Same behavior on Python 3.5.1, using Python-Markdown 2.6.2 and Python-Markdown 2.6.5, as well as Python 2.7.11 using Python-Markdown 2.6.5. (On two different Arch Linux machines.)

@ryneeverett
Copy link
Contributor

Tried on markdown 2.6.5 with python 2.7 and 3.4 and couldn't reproduce.

@waylan
Copy link
Member

waylan commented Mar 10, 2016

Those "gibberish" strings are (internal) raw HTML placeholders. While they would ideally never appear in the output, in this case I don't really care much as the docs clearly state that Markdown is not processed inside raw HTML. Therefore you shouldn't be putting Markdown inside raw HTML to begin with (without `markdown=1').

That said, my best guess would be that the placeholder for the fenced code block is looked up first and not found in the document (as it isn't there).
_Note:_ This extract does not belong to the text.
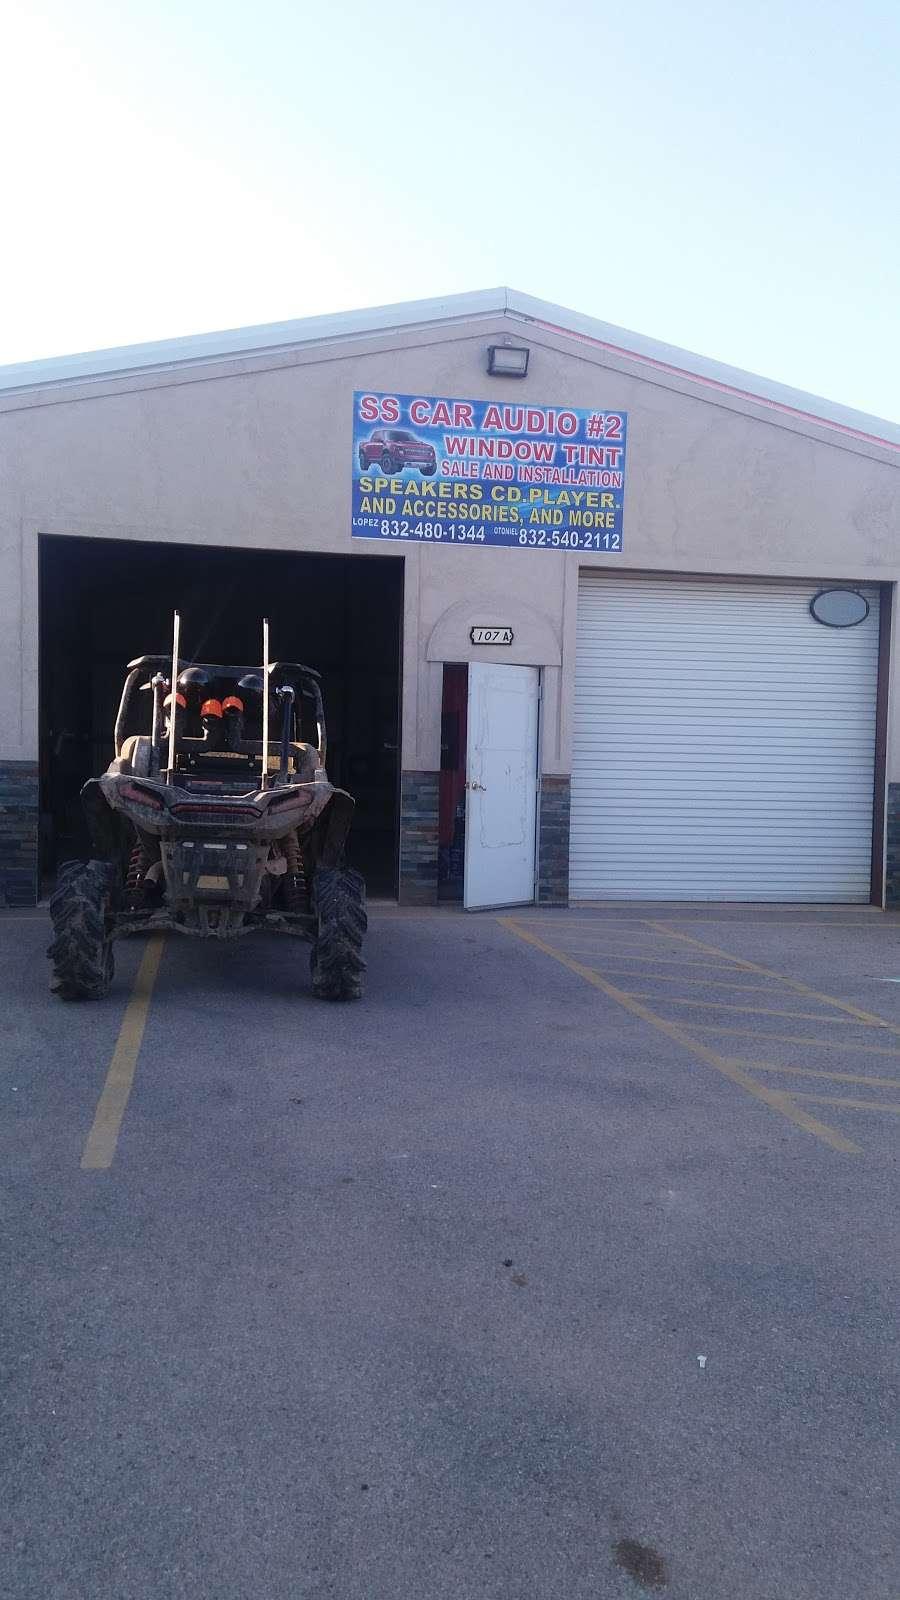 S.S. Car Audio 2 - store  | Photo 7 of 8 | Address: 107 E Marlin St, Willis, TX 77378, USA | Phone: (832) 480-1344

Then the placeholder for the raw HTML block is looked up, found and swapped out which contains the fenced code block placeholder. However, as that placeholder was previously not found it is't lookup up again, leaving it in the output. The fix would be to change the lookup order: perhaps the reserve of the order in which they were added to the stash (presumably @markdown/postprocessors.py#L55).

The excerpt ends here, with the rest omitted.